L’ouvrage de Pietro Boschetti fait donc œuvre de salubrité publique, à un moment où le racisme et la xénophobie des années 30 et 40 refont surface et sont représentés ès-qualité au Conseil fédéral. Les circonstances ont voulu que la parution de cet ouvrage rende hommage aux résistant-e-s de ces années noires, parmi lesquel/les notre regrettée camarade Aimée Stitelmann, une citoyenne qui a refusé, dès sa jeunesse, de s’incliner devant une prétendue «raison d’Etat».

Hans-Peter RENK

  1. Pietro Boschetti, Les Suisses et les nazis – le rapport Bergier pour tous, Editions Zoé, 2004
  2. Les réfugié-e-s accueilli-e-s en Suisse l’ont bien souvent été grâce à l’aide de la population.

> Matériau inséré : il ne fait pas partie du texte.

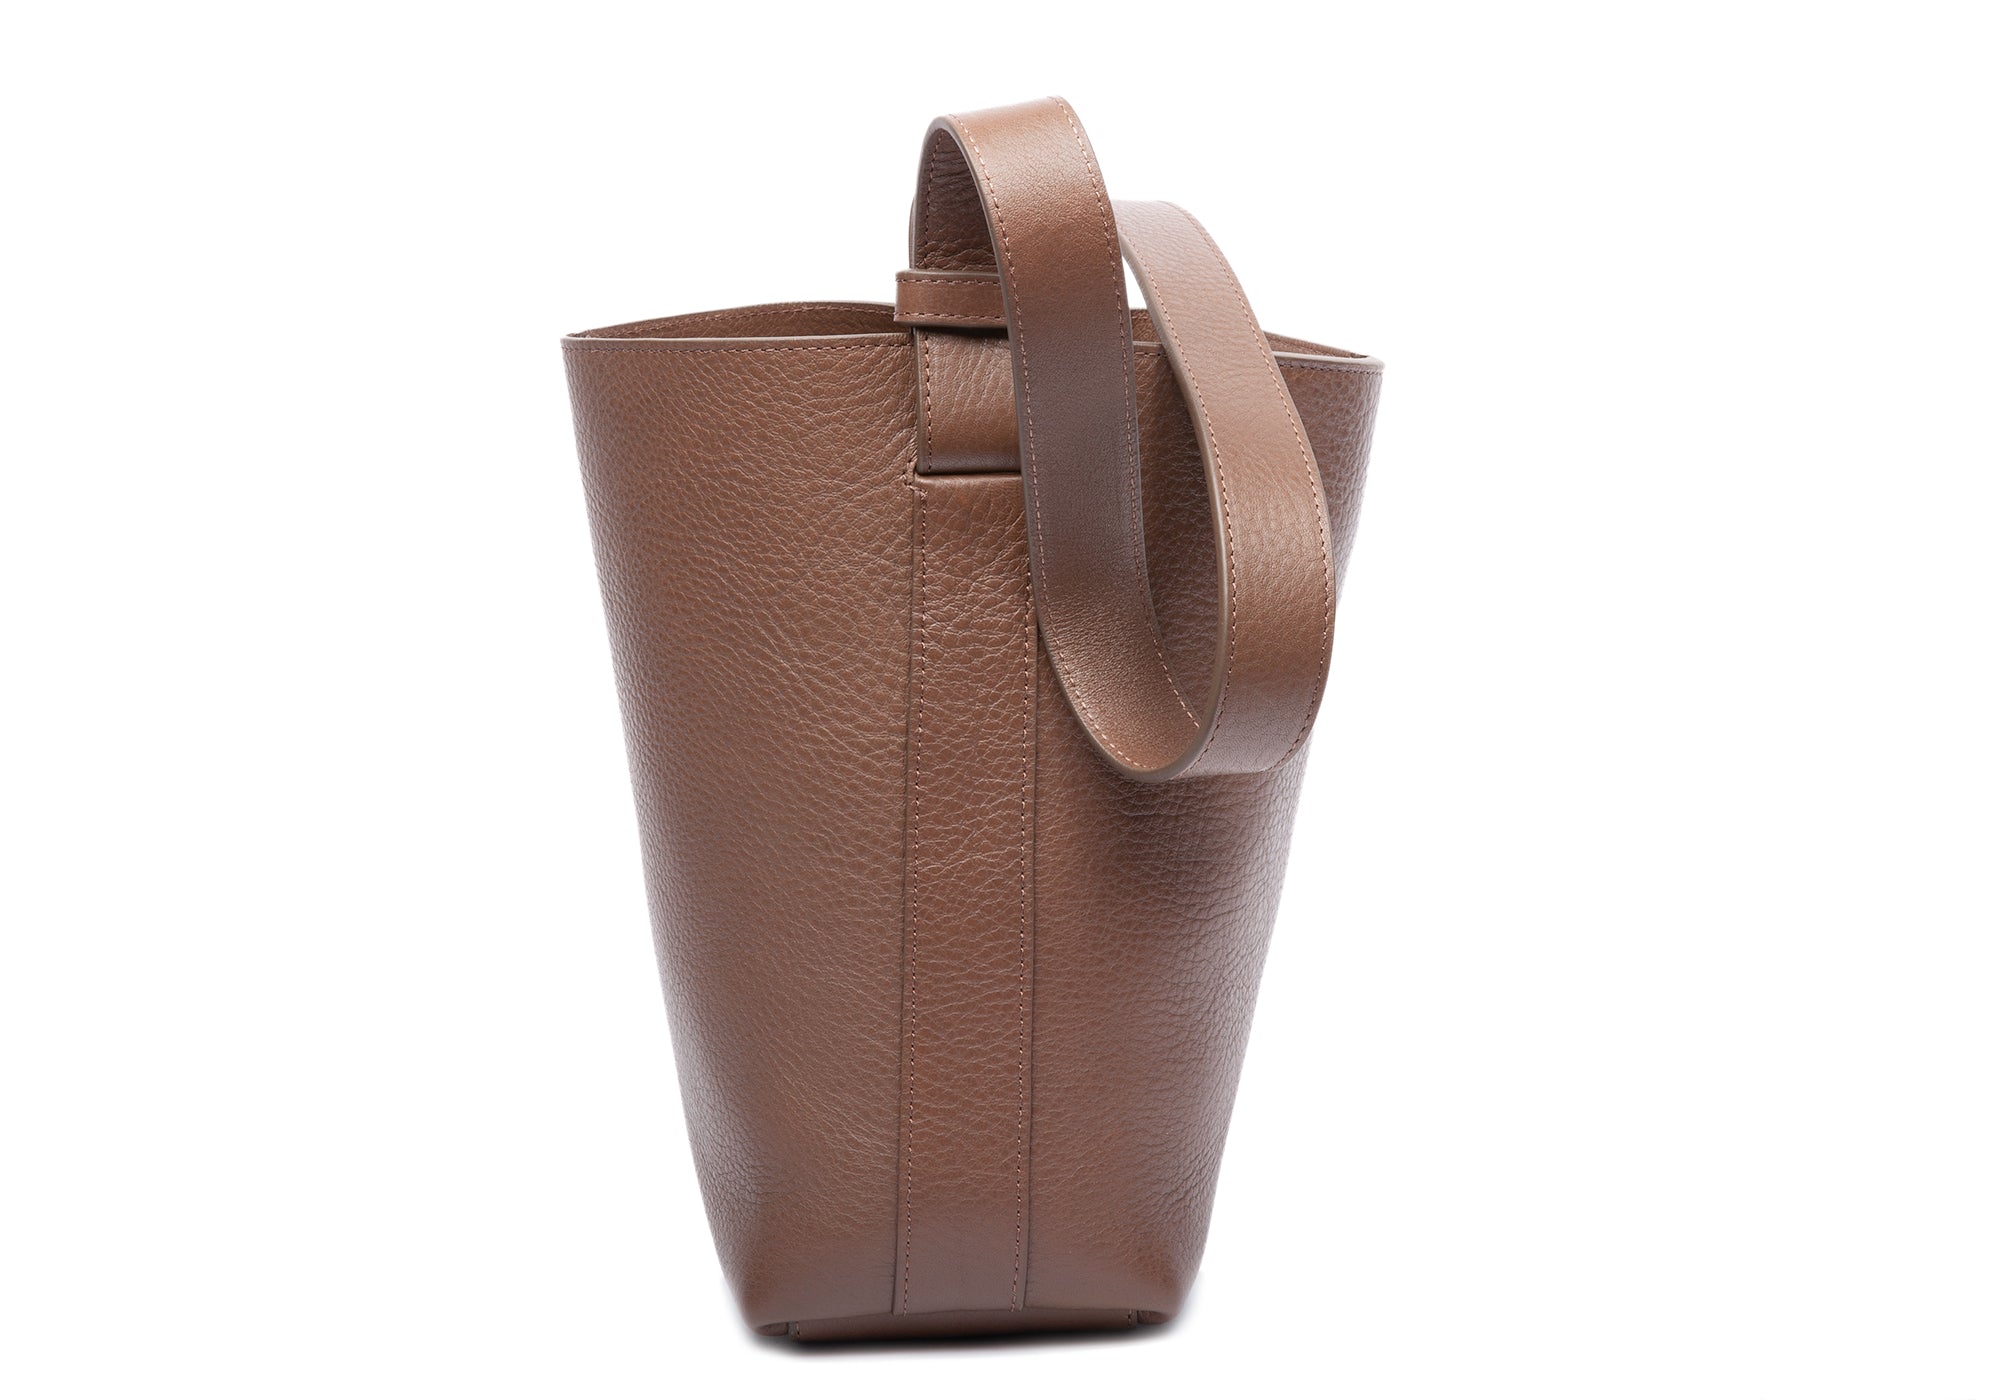 Longchamp 'épure' Mini Bucket Bag
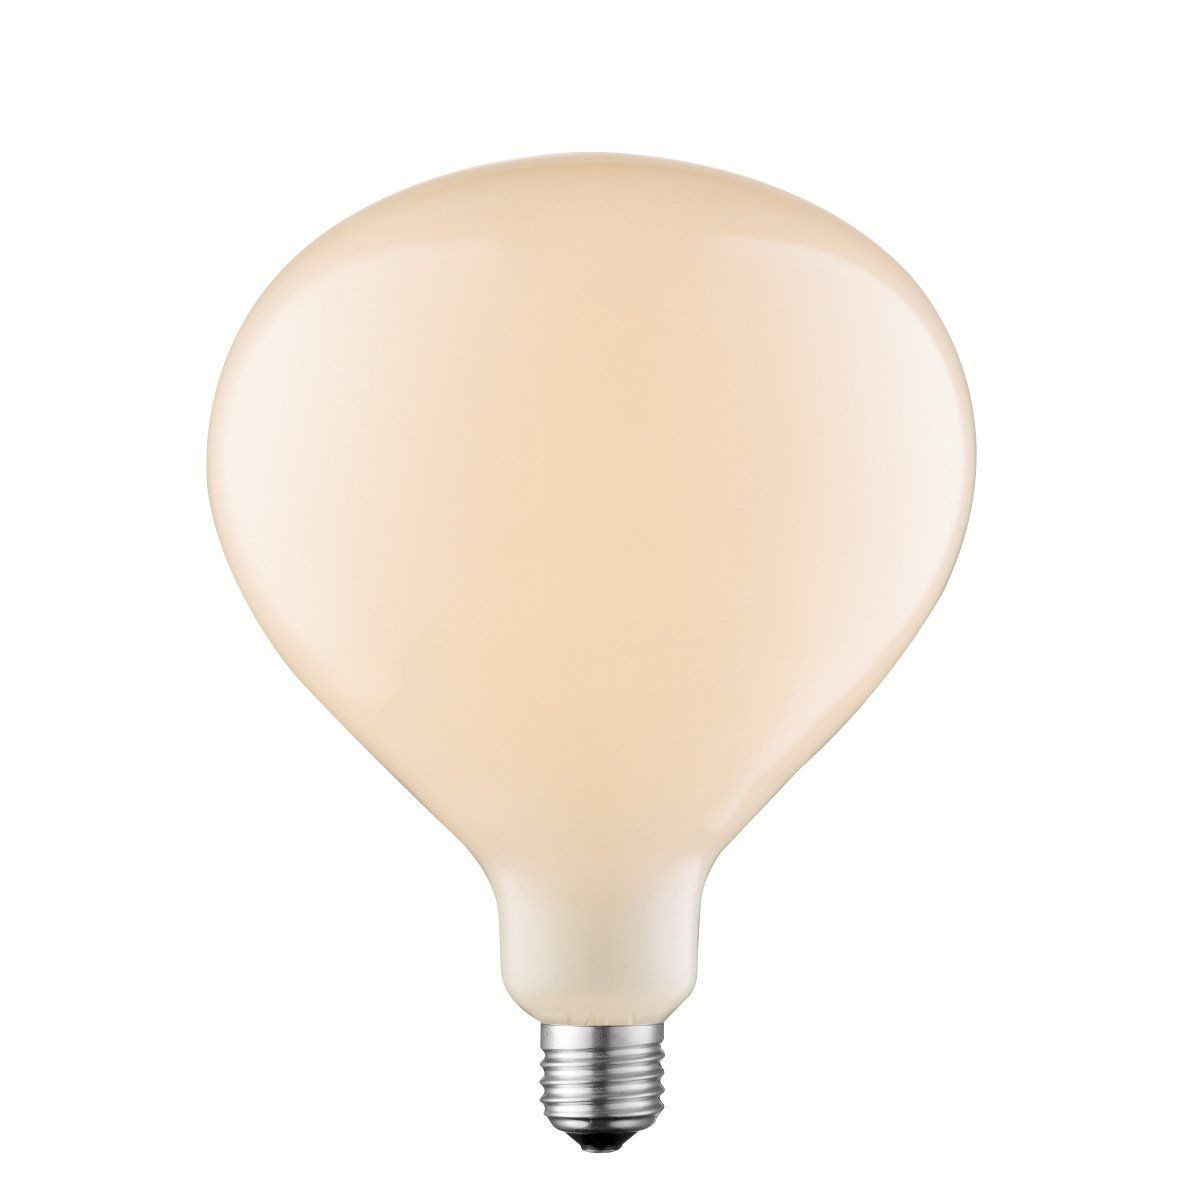 Edison Design LED lamp E27 LED filament lichtbron, Milky Globe 16/16/20.5cm, Wit, LED lamp Dimbaar, 6W 510lm 2700K, warm wit licht, geschikt voor E27 fitting

  3. Jean-François Bergier, Préface (p. 10-11).
  4. Ces textes rappelaient que le mouvement ouvrier suisse n’avait pas connu éternellement la «paix du travail».
  5. Aram Mattioli, Gonzague de Reynold idéologue d’une Suisse autoritaire. Ed. universitaires, 1997.
  6. Frédéric Gonseth, «Mission en enfer» (film tourné en 2003). Cf. solidaritéS, no 35.